TASK DIRECTIONS
Your output consists solely of the lines from the one that contains "ラットチャープの未再生の波形" to the end of the material, each reproduced exactly; pictures do not belong in it.

SOURCE MATERIAL
───

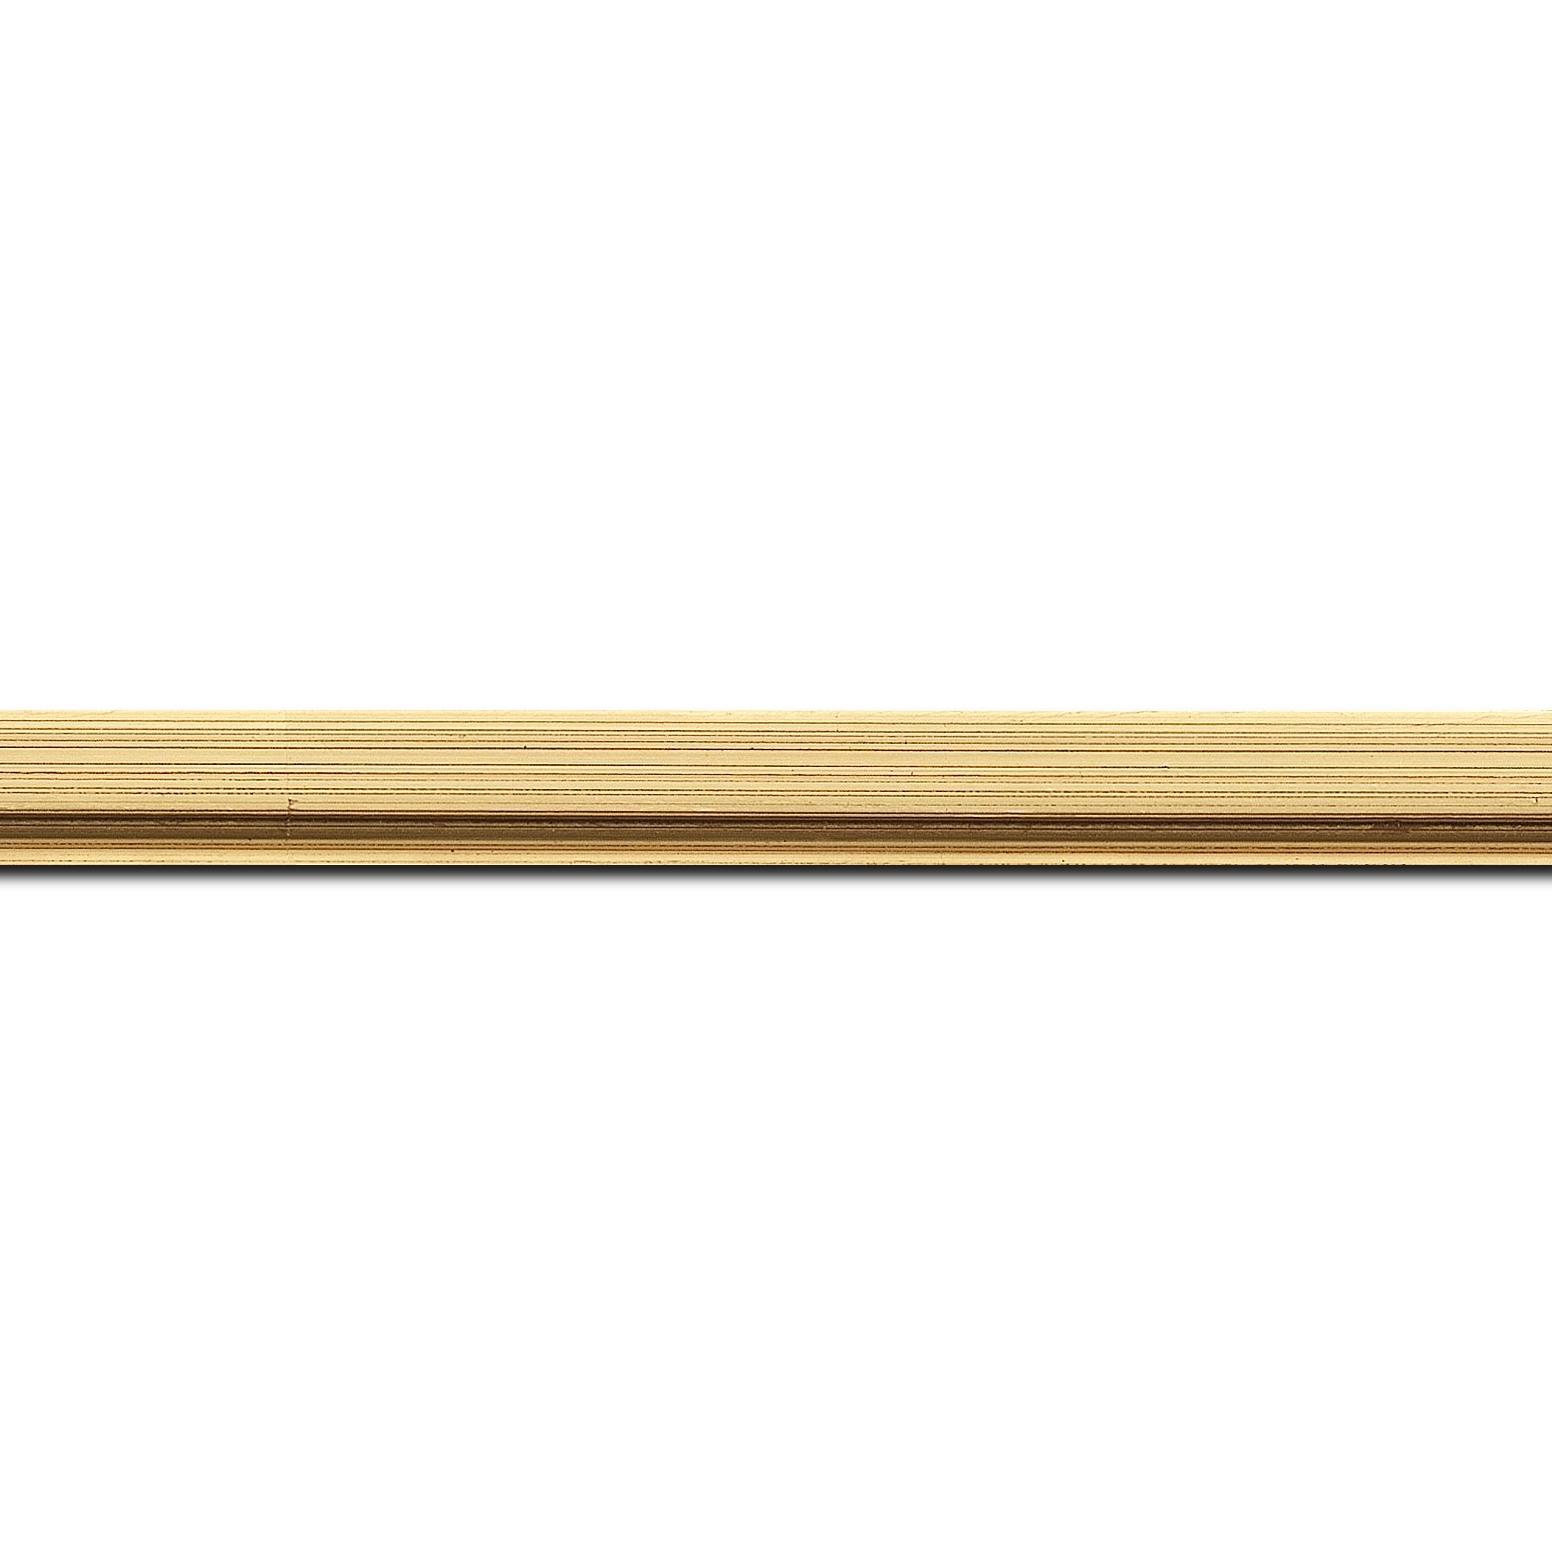 Baguette longueur 1.40m bois profil plat largeur 1.6cm or patiné à la feuille nez chanfrein
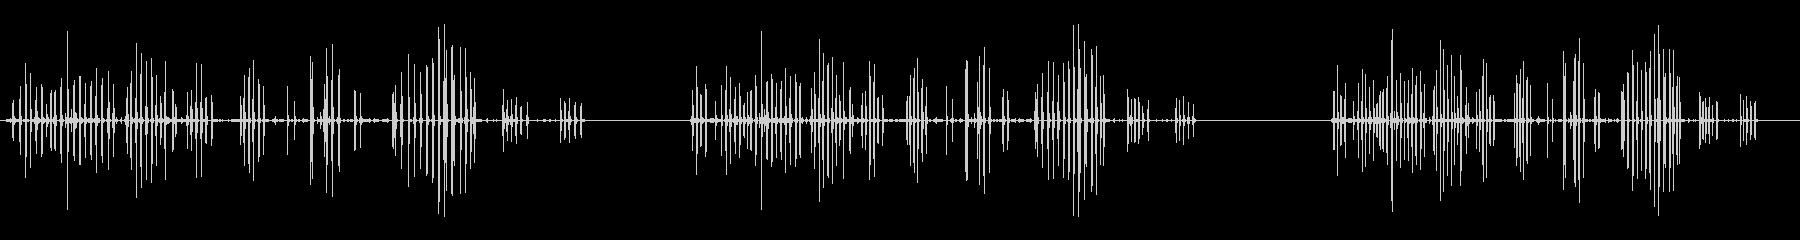 ラットチャープの未再生の波形
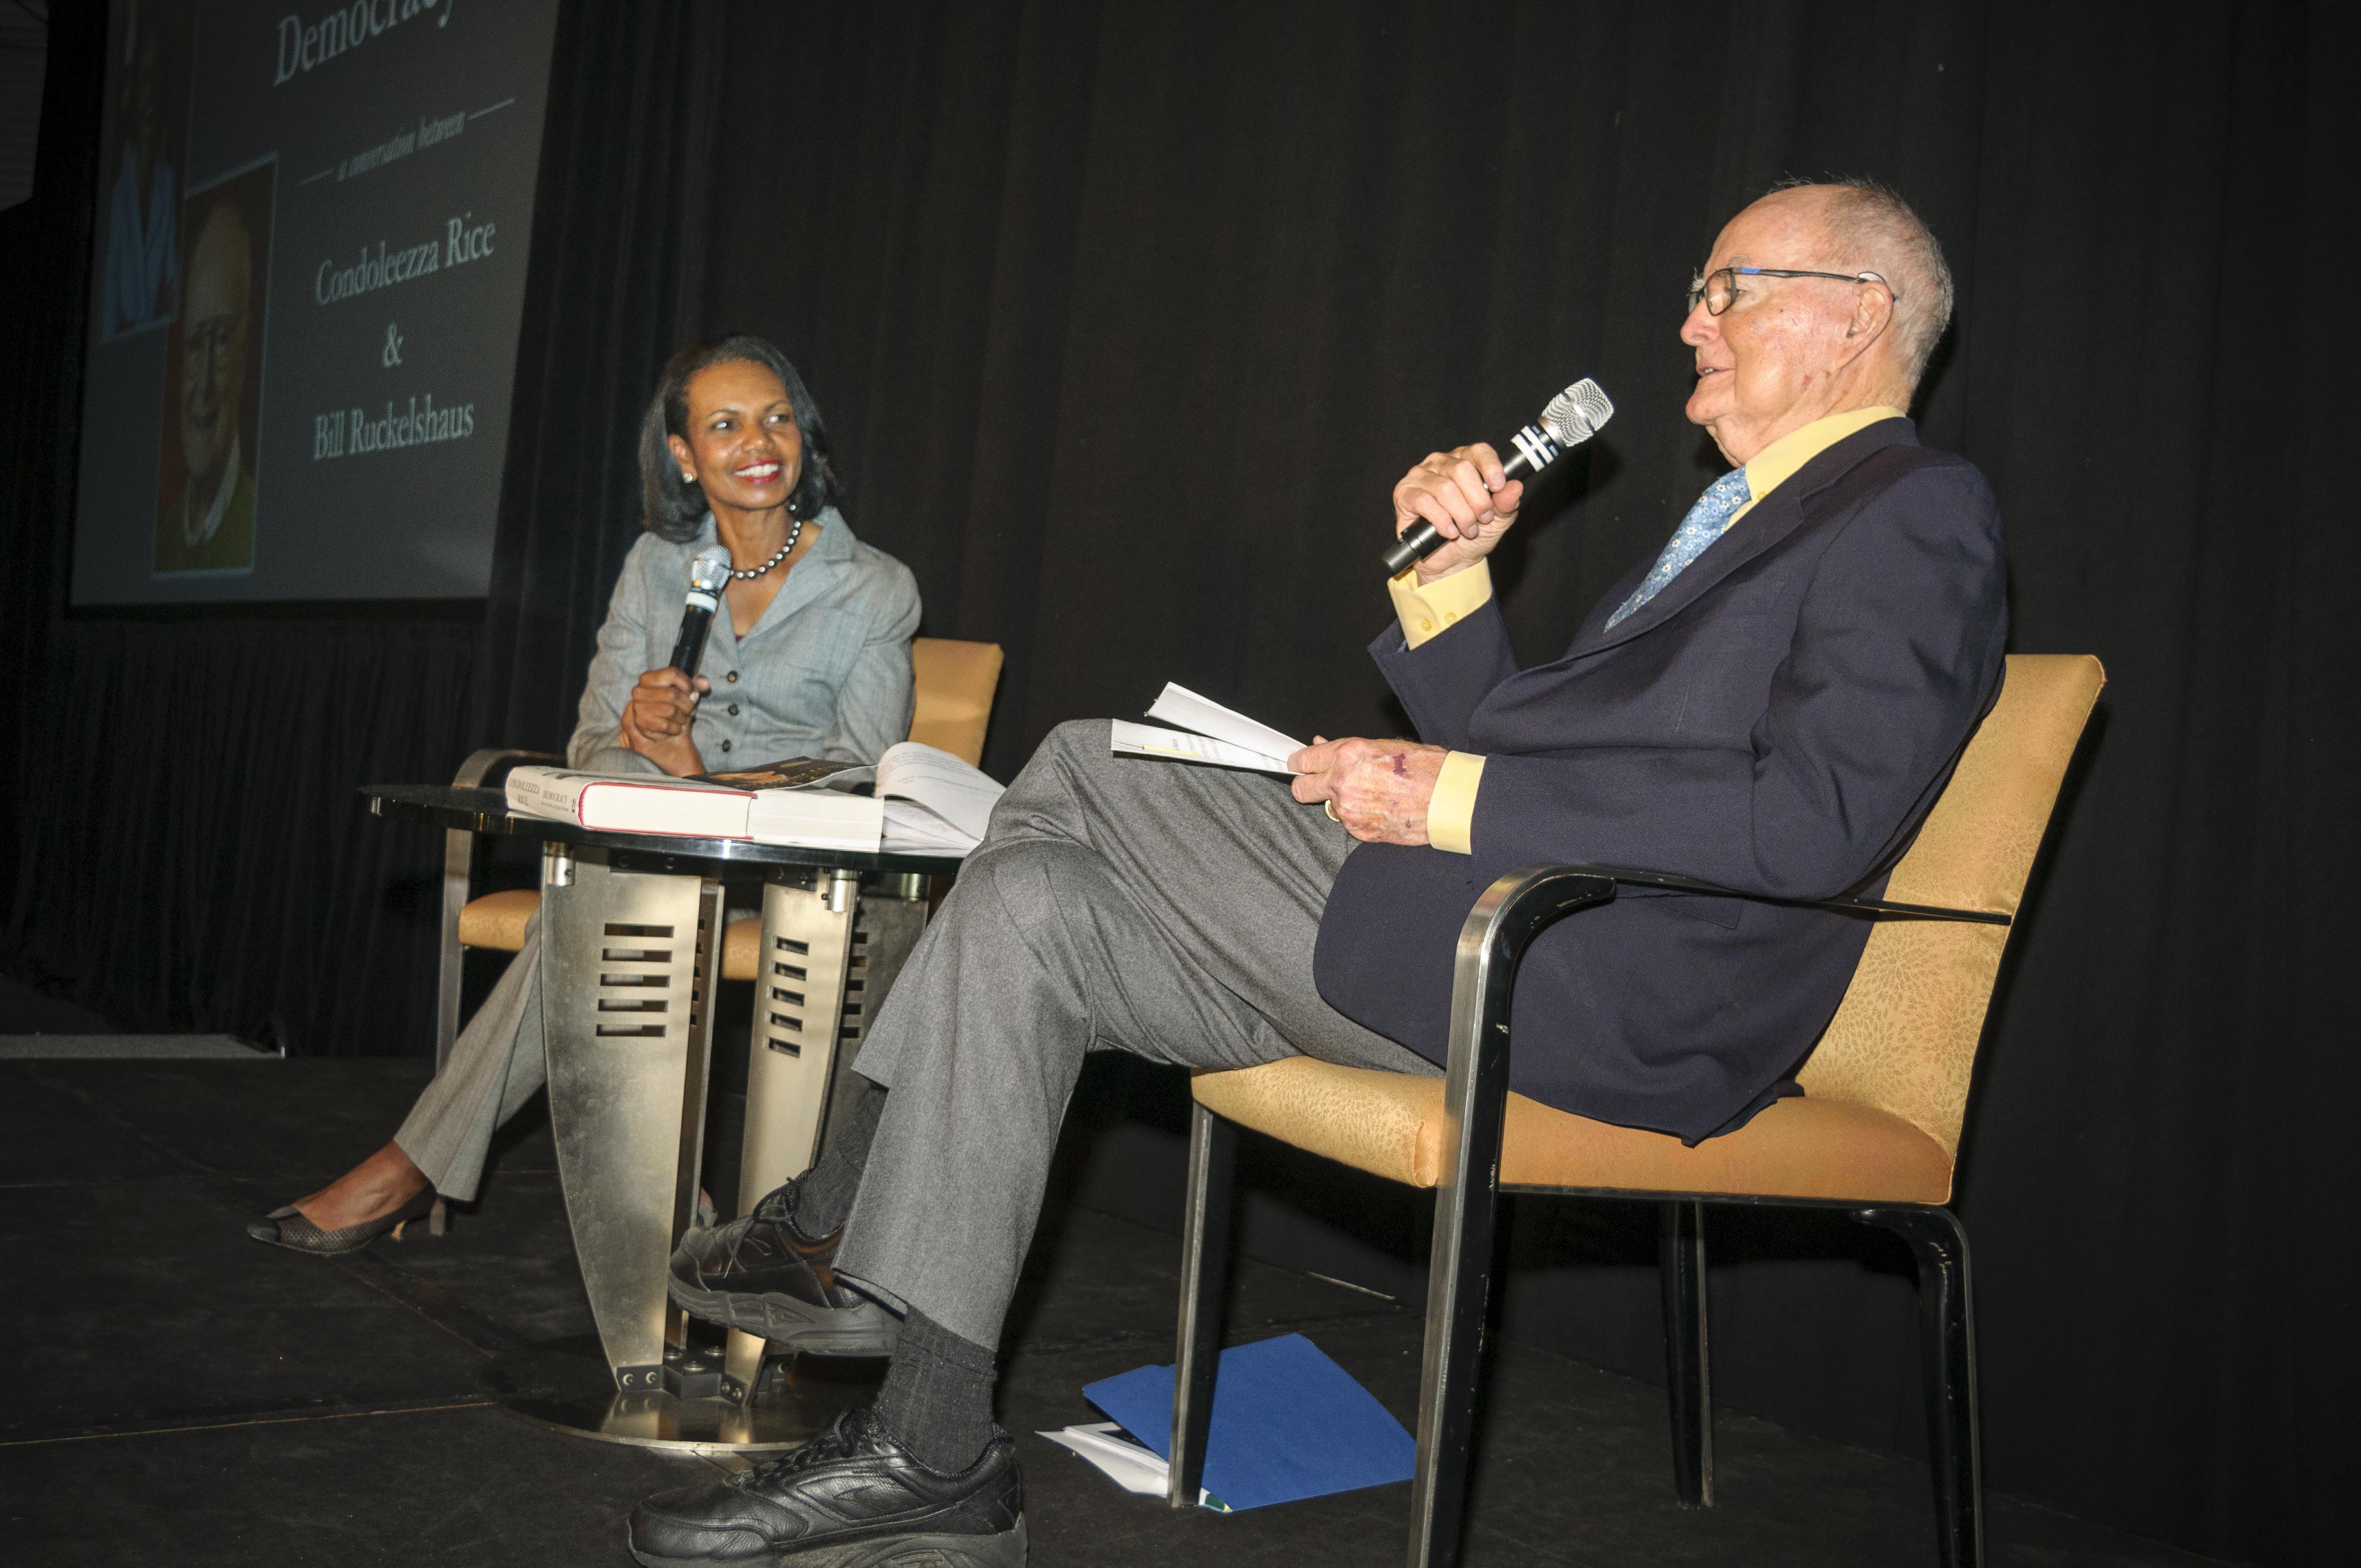 Bil Ruckelshaus and Condoleeza Rice
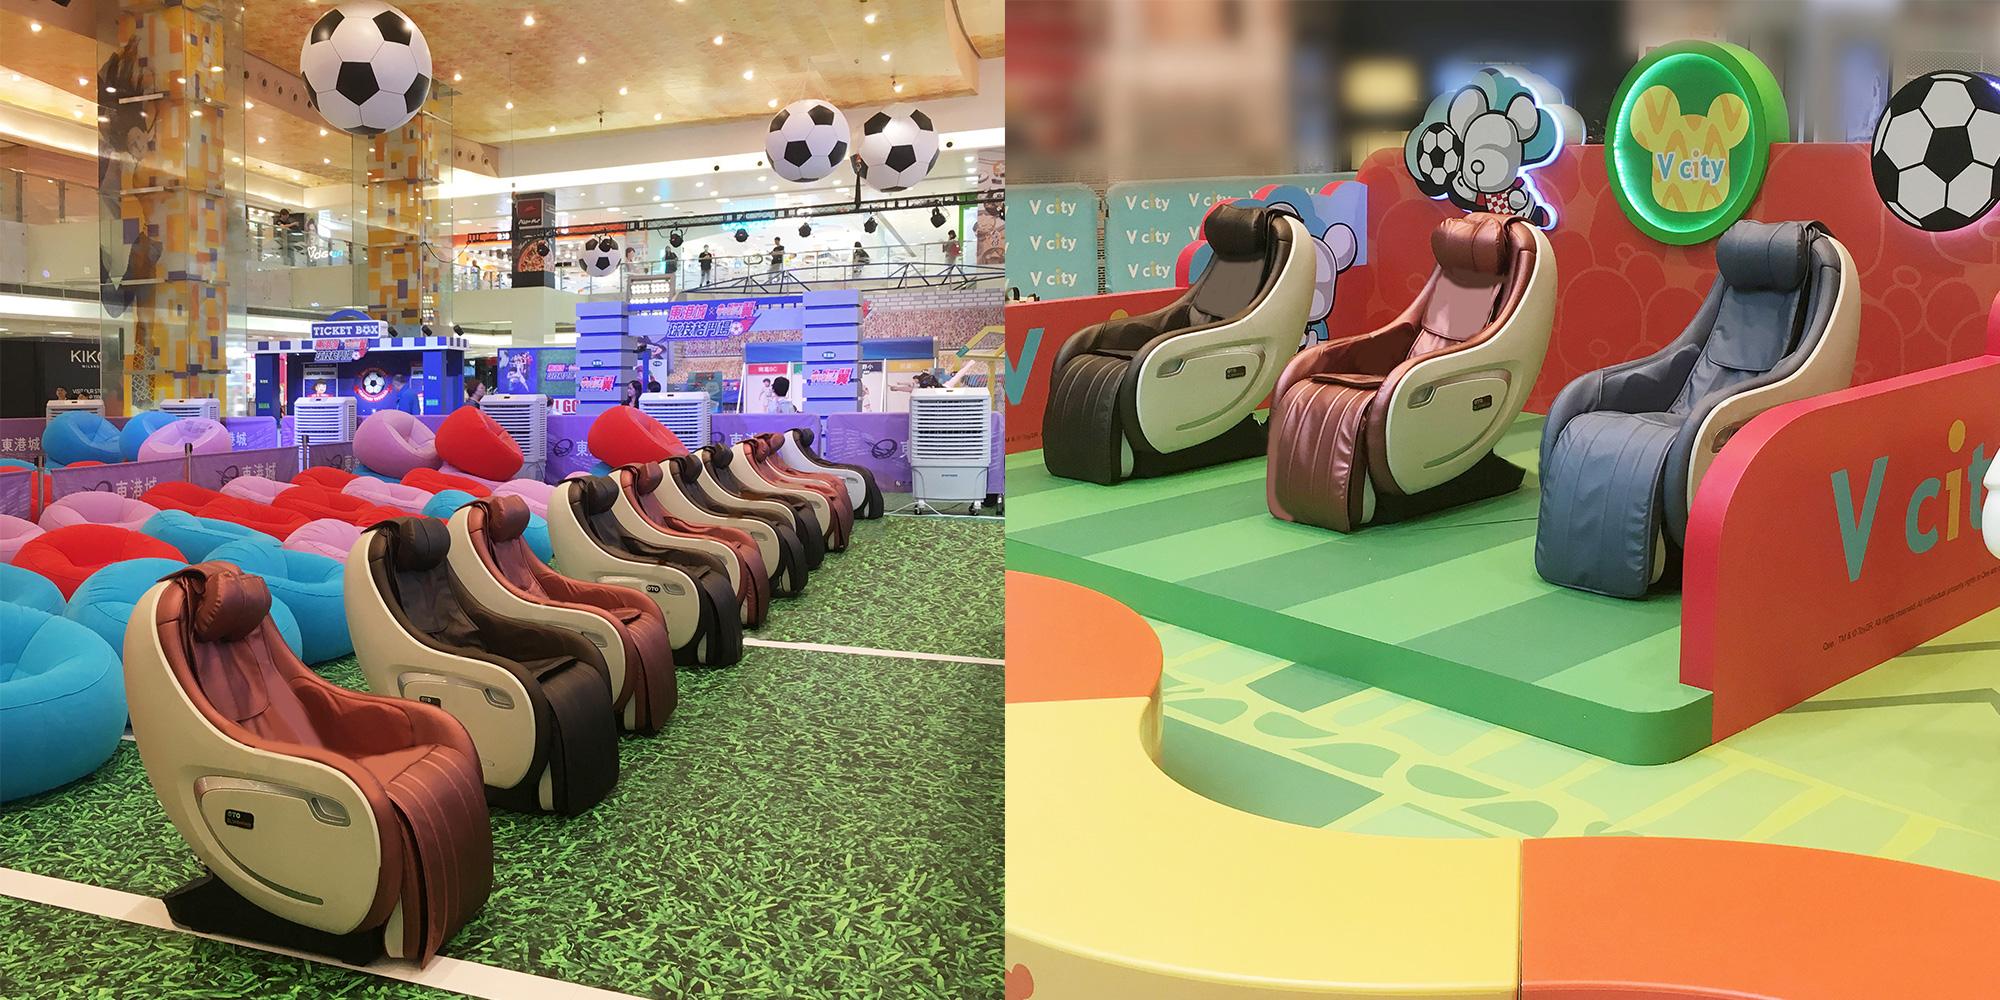 OTO x 東港城及V City 2018 世界盃活動

───

SOLUTION
 ラットチャープの未再生の波形
 Bil Ruckelshaus and Condoleeza Rice
 OTO x 東港城及V City 2018 世界盃活動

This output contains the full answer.